そしてその間にカイトとカーミラは扉の前まで足を運び、そこからフライ(飛行)の魔法でその場を去っていってしまった。


「くっ、逃がしてしまったか。よくも我を邪魔してくれたな。」


「カイト様にお前の相手を任された以上、お前にカイト様の邪魔は死んでもさせないッスよ。まぁ、お前相手に自分が死ぬ事はあり得ないッスけど。

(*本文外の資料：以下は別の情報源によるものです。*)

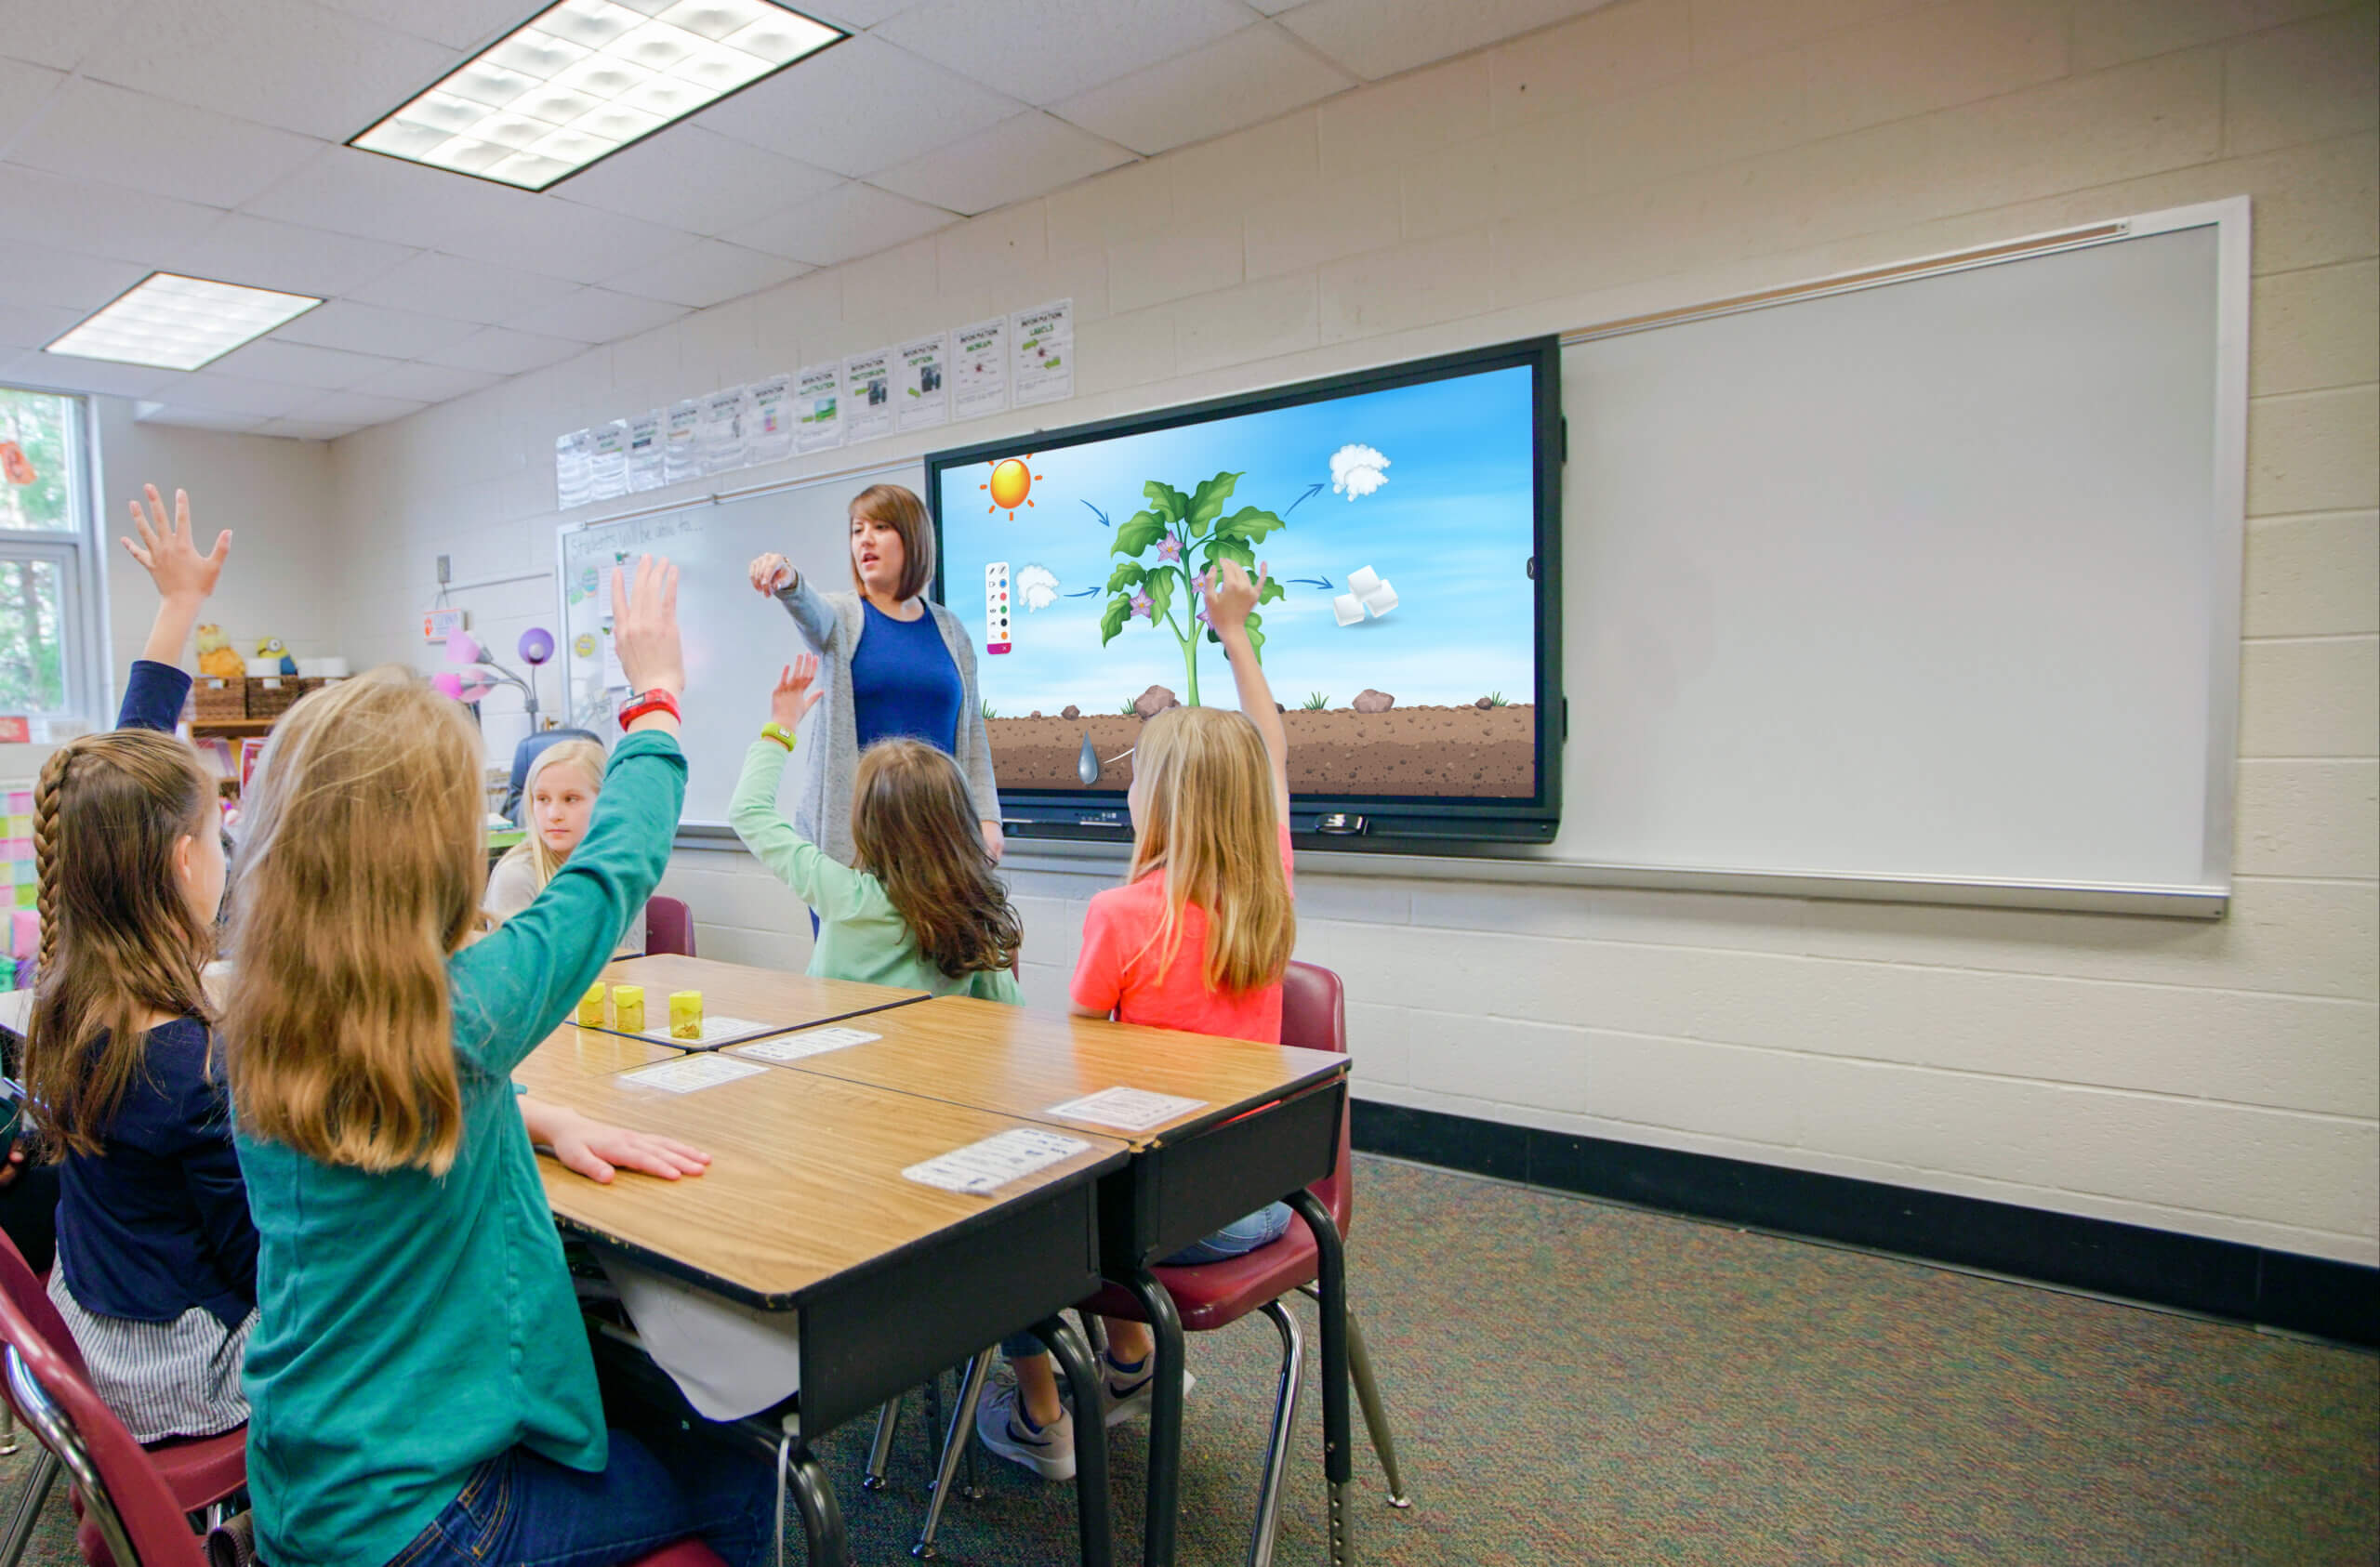 Une classe de jeunes élèves suivent le cours grâce à un écran numérique interactif Promethean.
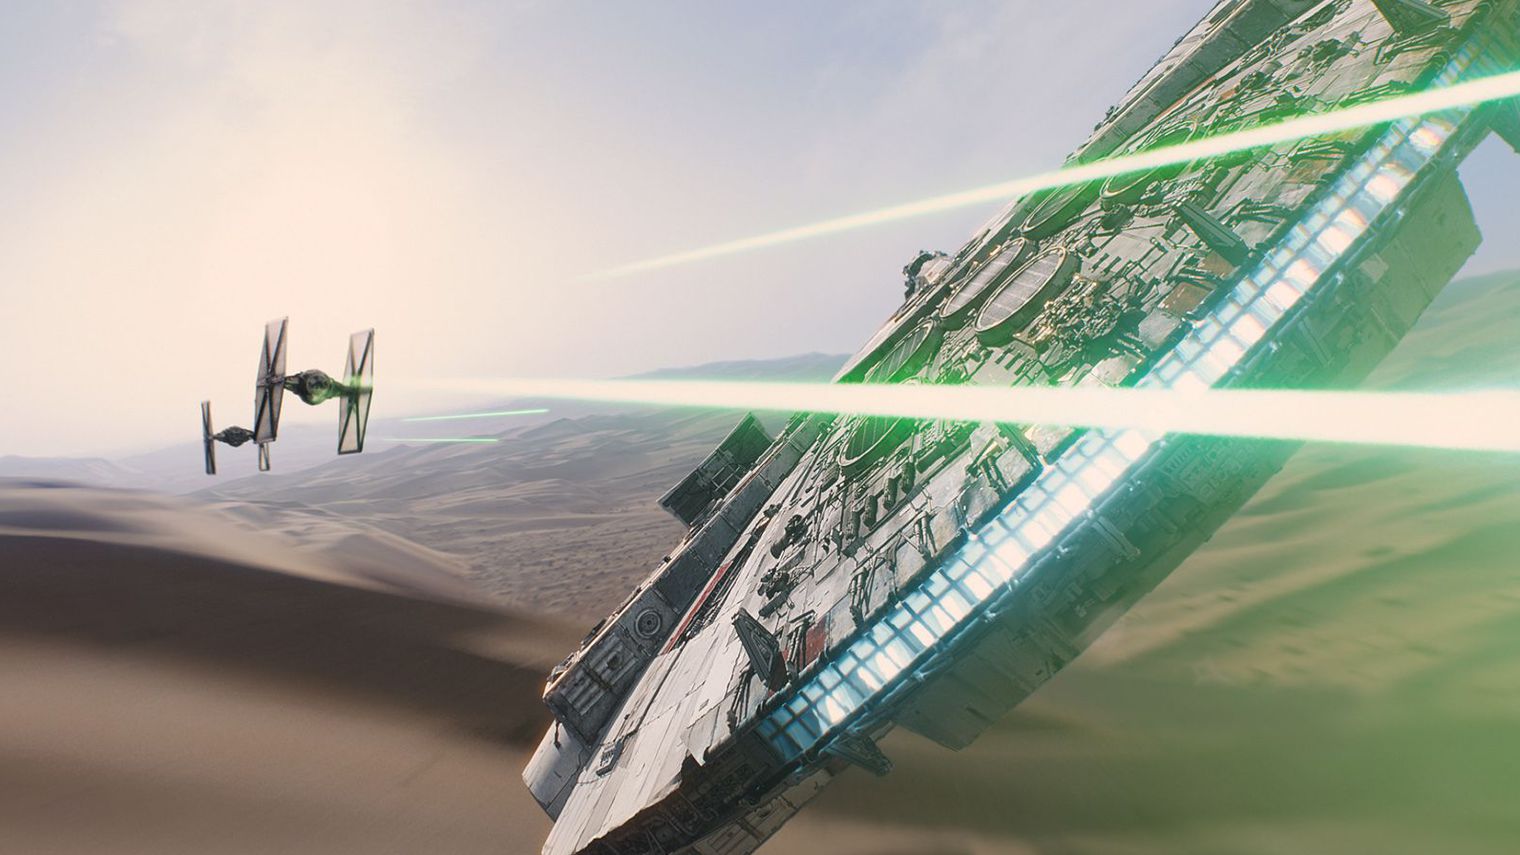 star wars le reveil de la force 1 5476990 Les sorties ciné du 16/12/2015 avec à l'affiche Star Wars - le réveil de la force

」


ボアードの言う通り、カイトがボアードにサライの相手を命じた以上、二人はサライがこちらを狙って来ようとも、ボアードはそれを何が何でも阻止する事が分かっていた。

先程は油断したせいで腕を斬り落されてしまったが、戦闘モードに入って集中したボアードの目を欺くのは相当の実力者ではない限り至難の業である。

そのボアードの目を掻い潜って二人に奇襲をかけるなど悪手の以外の何ものでもない。

サライも決して弱い相手ではないが、今のボアードと一騎打ちするのであれば、他には目もくれず全神経を集中して、全身全霊で挑まなければたちまち打ちのめされてしまうだろう。

二人もそれが分かっていたため、サライの事など目もくれず次の標的に向けて動き出していたのである。


「貴様、まだ斬られ足りないのか?先程切り落としてやった腕は魔法の力でくっつけたようだが、もうカーミラという魔法使いはいない。次は回復する前に切り刻んでくれるわ!」


「望むところッスよ!ロボットの癖に中々活きが良いッスね!さぁ、かかってくるッス!」


こうしてカイトとカーミラを無事に第二階層へ向かわせる事が出来たボアードは、サライとの一騎打ちに臨むのであった。